ASTARTA-KYIV
- Trade name: ASTARTA HOLDING PLC
- Native name: АСТАРТА-КИЇВ (ASTARTA-KYIV)
- Company type: Limited liability company
- Industry: Agriculture
- Founded: 1993
- Founder: Viktor Ivanchyk
- Headquarters: Kyiv, Ukraine
- Revenue: €612 million (2024)
- Net income: ▲€83.0 million (2024)
- Total assets: ▲€748 million (2024)
- Total equity: ▲€549 million (2024)
- Website: https://astartaholding.com/

= Astarta Holding =

Agro-industrial holding

ASTARTA Holding (ASTARTA-KYIV, ASTARTA HOLDING PLC) is a vertically integrated agro-industrial holding company in Ukraine, a public European company. It produces food products with a focus on global markets.

The company was founded in March 1993 by Viktor Ivanchyk, who has been CEO since then.

The company's main activities are crop production, sugar production, dairy and meat farming, soybean processing, grain logistics, and bioenergy.

Since 2006, the company's shares have been listed on the Warsaw Stock Exchange (ticker: AST).

Astarta's majority shareholders are Viktor Ivanchyk and Fairfax Financial Holdings LTD. Other shareholders include institutional European and American investors.

In 2008, the company was one of the first in Ukraine to join the UN Global Compact network.

== Activities ==
Main activities:

Crop production.
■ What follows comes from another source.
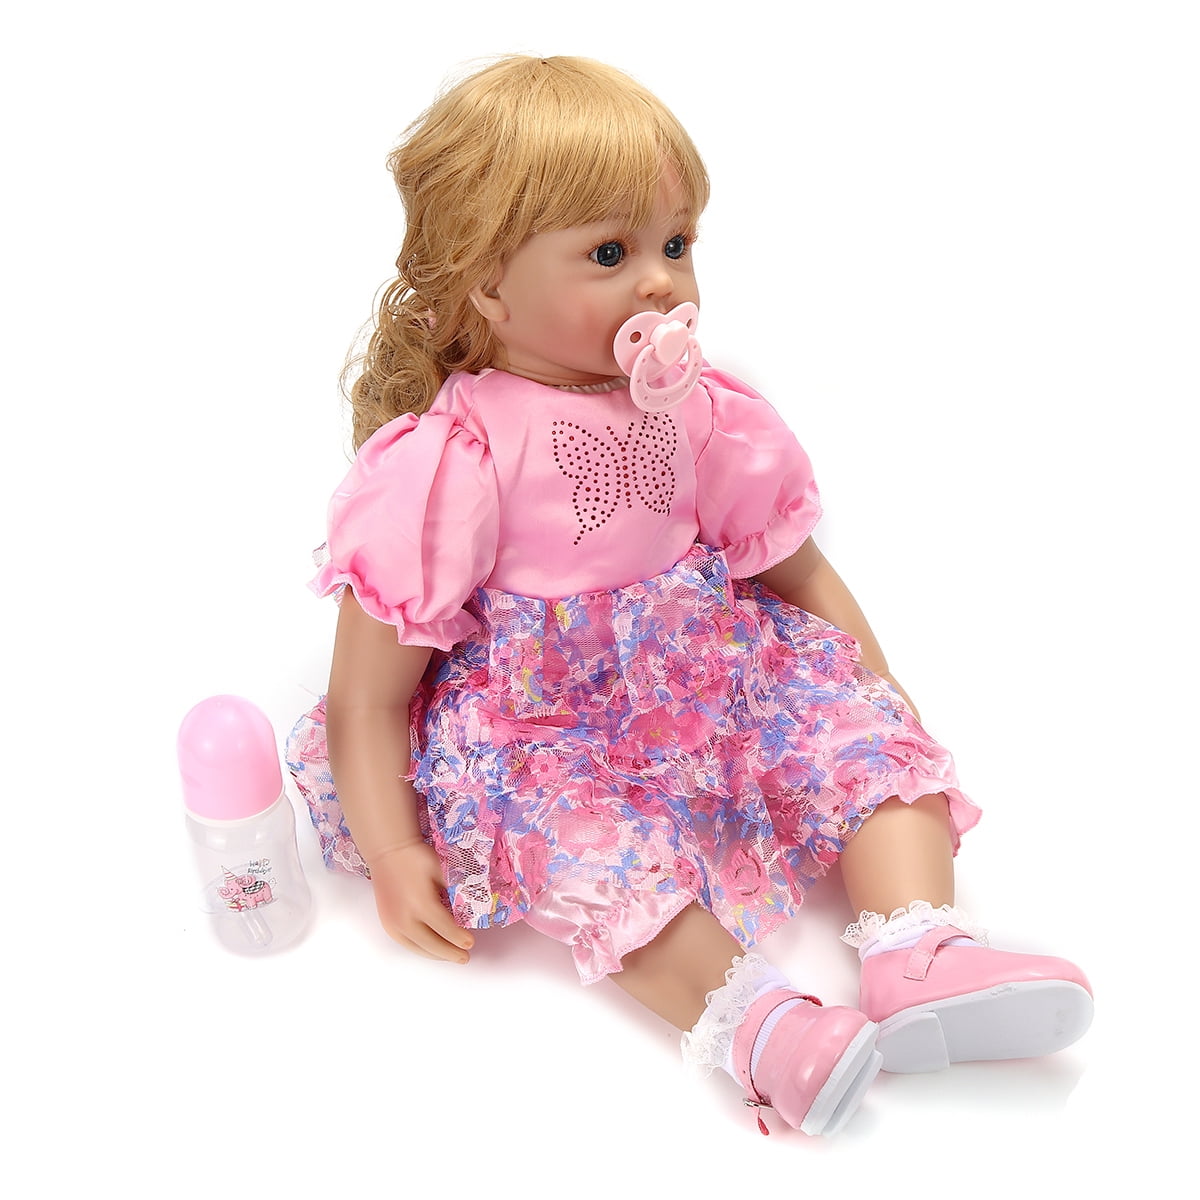 Details about   24in Real Big Size Reborn Toddler Dolls Realistic Child Dolls Vinyl Girl Kids

The company manages about 213 thousand hectares of agricultural land in seven regions. Key crops: sugar beet, soybeans, rapeseed, wheat, corn, sunflower. Annual production volumes: up to two million tonnes of sugar beet and one million tonnes of grains and oilseeds. The company processes part of its oilseeds at its processing plant in Ukraine and sells the rest.

Sugar production. The company's sugar refineries are located in the Poltava, Vinnytsia and Khmelnytsky regions. The company's annual sugar production in recent years has been 250-500 thousand tonnes. The company's plants can also produce sugar from raw cane sugar. The products are sold in the domestic and global markets.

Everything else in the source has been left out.